God’s instrument in restoring him was then Archbishop Quarracino of Buenos Aires. Archbishop Quarracino admired Bergoglio’s rapport with the younger Jesuits and other young priests. He was impressed with his love and care for the poor. He was not quite sure why Jesuit superiors had problems with him, but he saw Bergoglio as precisely the leader he needed for Flores, a poor area of Buenos Aires. Quarracino had formed a team of young priests for this ministry among slum dwellers. He needed Jorge Bergoglio to lead and support them.
So he maneuvered to have Fr Bergoglio appointed Auxiliary Bishop and eventually Coadjutor Archbishop with right of succession. Bergoglio continued to live in the Provincial house. Initially it was okay, but the provincial became uncomfortable with his presence, perhaps because he had such great influence on the young Jesuits, and eventually had Fr Kolvenbach write a letter asking Jorge to leave the Jesuit house. This must have hurt, because Archbishop and later Cardinal Bergoglio never again entered a Jesuit house, until he became Pope.

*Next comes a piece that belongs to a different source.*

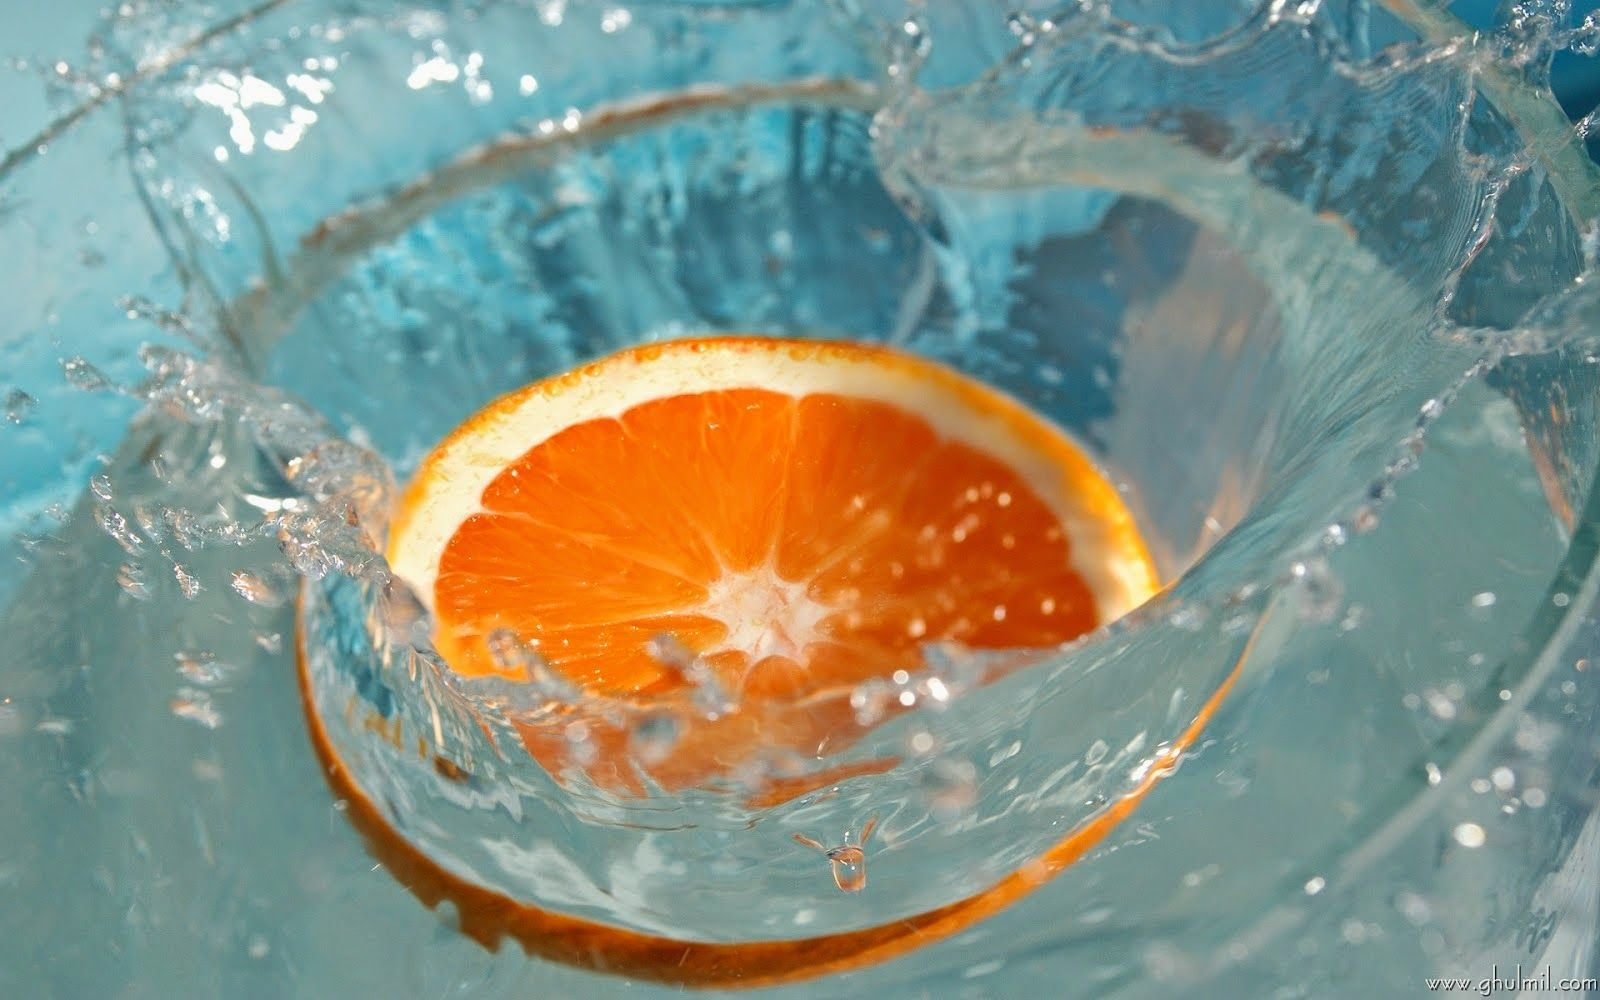 Beautiful Windows 7 Background Hd Wallpaper Free 4k Fruit Wallpaper Photography Orange Fruit Splash Hd wallpaper orange slice bubbles macro

But he harbored no resentments. After he was elected Pope, he immediately reached out to Fr General Nicolas, had dinner at our Jesuit Curia and we know he visited Jesuit houses in all his many papal travels. He became our Pope, our Jesuit brother Pope.
We are saddened at his loss. But grateful that God gave him to us for over 12 years. He has shown us how it is to live as followers of Christ both in our personal lives and in our mission of leadership. May he pray for us that we seek to follow Christ as faithfully as he did – in our personal lives and in our carrying out of mission.